Answer with the exact lines of the following material from the one containing "La fotografía de" through the one containing "Onetourismo", both end lines included.

Material for the task
>>>>

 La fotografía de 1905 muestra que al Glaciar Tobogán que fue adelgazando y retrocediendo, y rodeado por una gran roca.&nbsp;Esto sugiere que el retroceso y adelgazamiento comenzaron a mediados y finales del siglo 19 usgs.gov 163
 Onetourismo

<<<<
>>>>

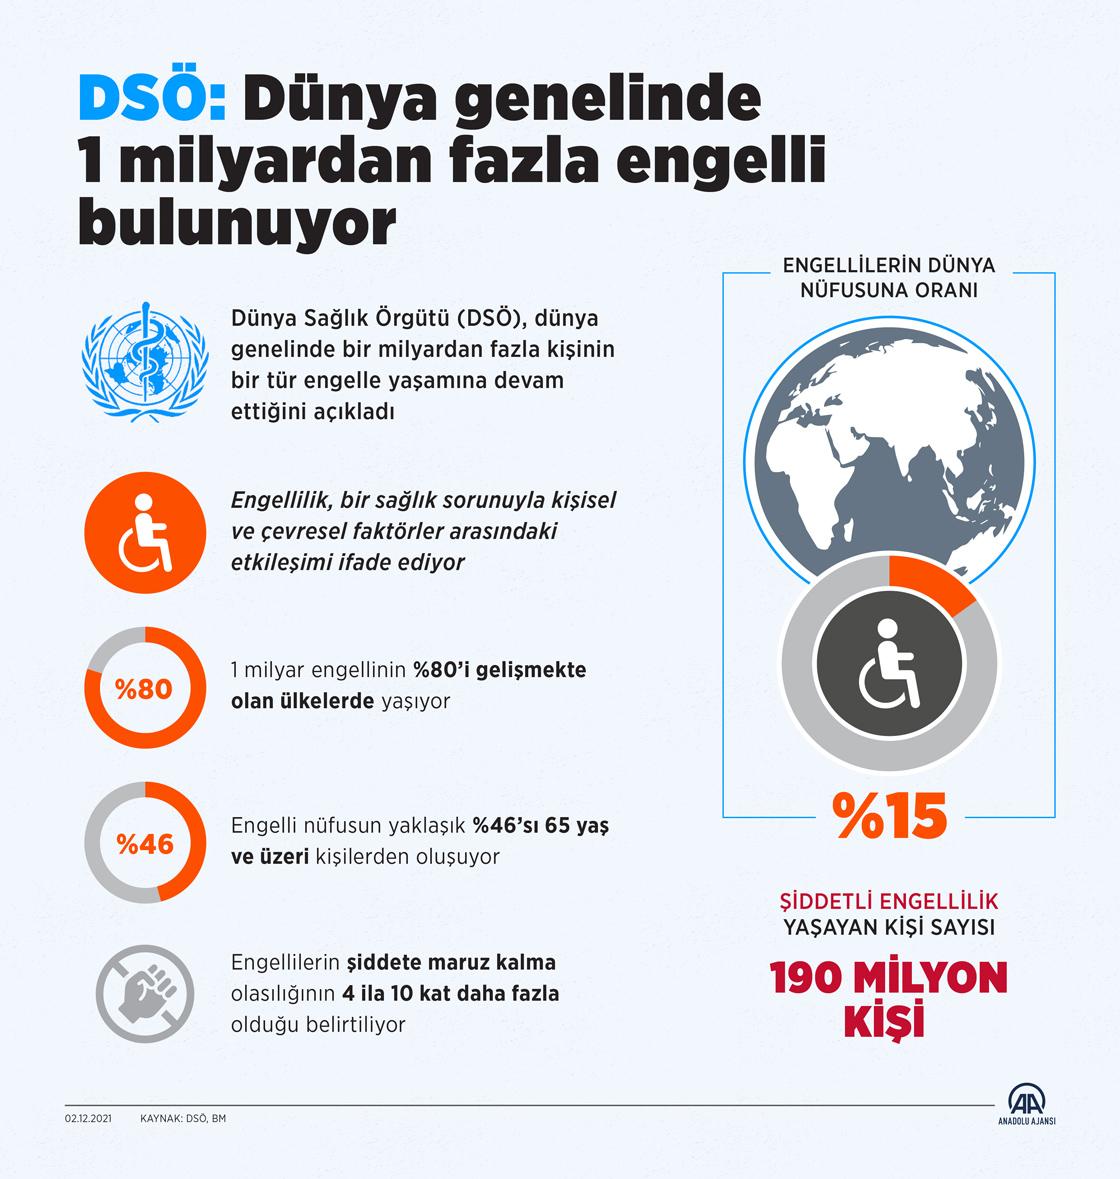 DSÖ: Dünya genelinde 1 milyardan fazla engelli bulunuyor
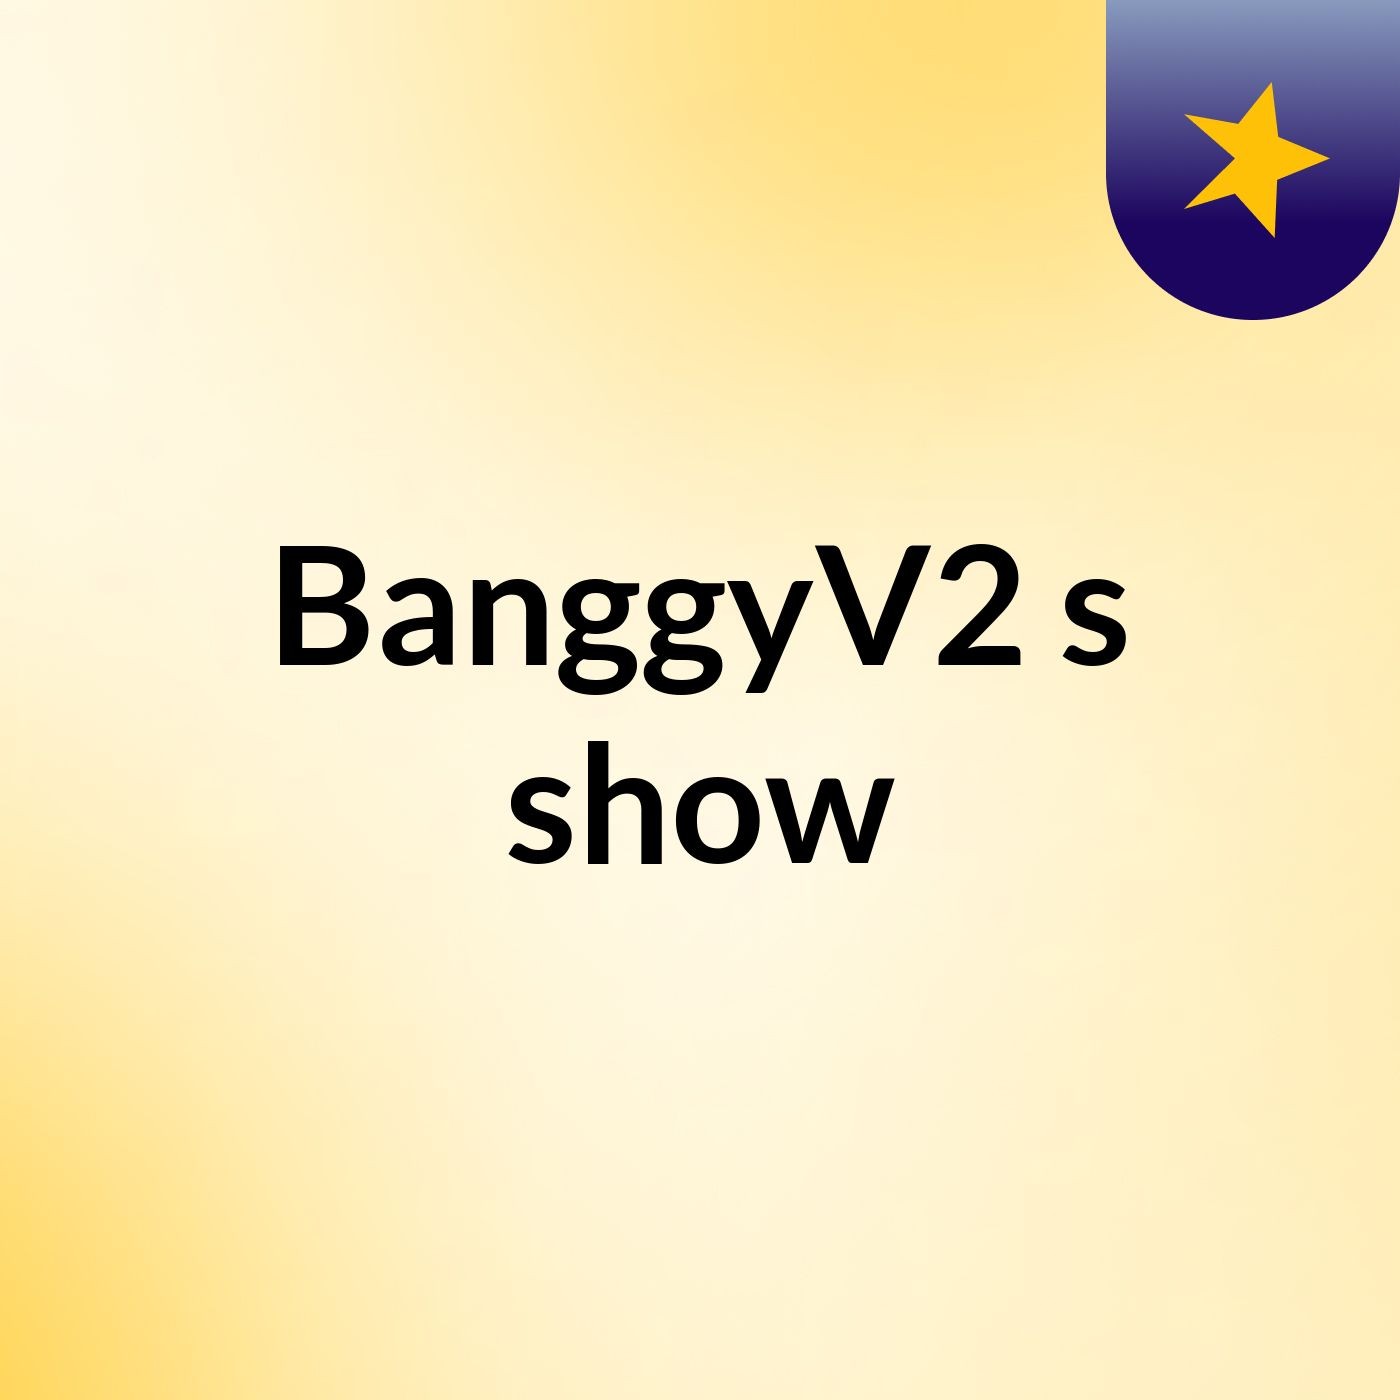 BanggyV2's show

<<<<
>>>>

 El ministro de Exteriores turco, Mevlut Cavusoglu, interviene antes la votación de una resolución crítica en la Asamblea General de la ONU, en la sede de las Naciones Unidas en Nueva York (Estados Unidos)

<<<<

Final answer
 La fotografía de 1905 muestra que al Glaciar Tobogán que fue adelgazando y retrocediendo, y rodeado por una gran roca.&nbsp;Esto sugiere que el retroceso y adelgazamiento comenzaron a mediados y finales del siglo 19 usgs.gov 163
 Onetourismo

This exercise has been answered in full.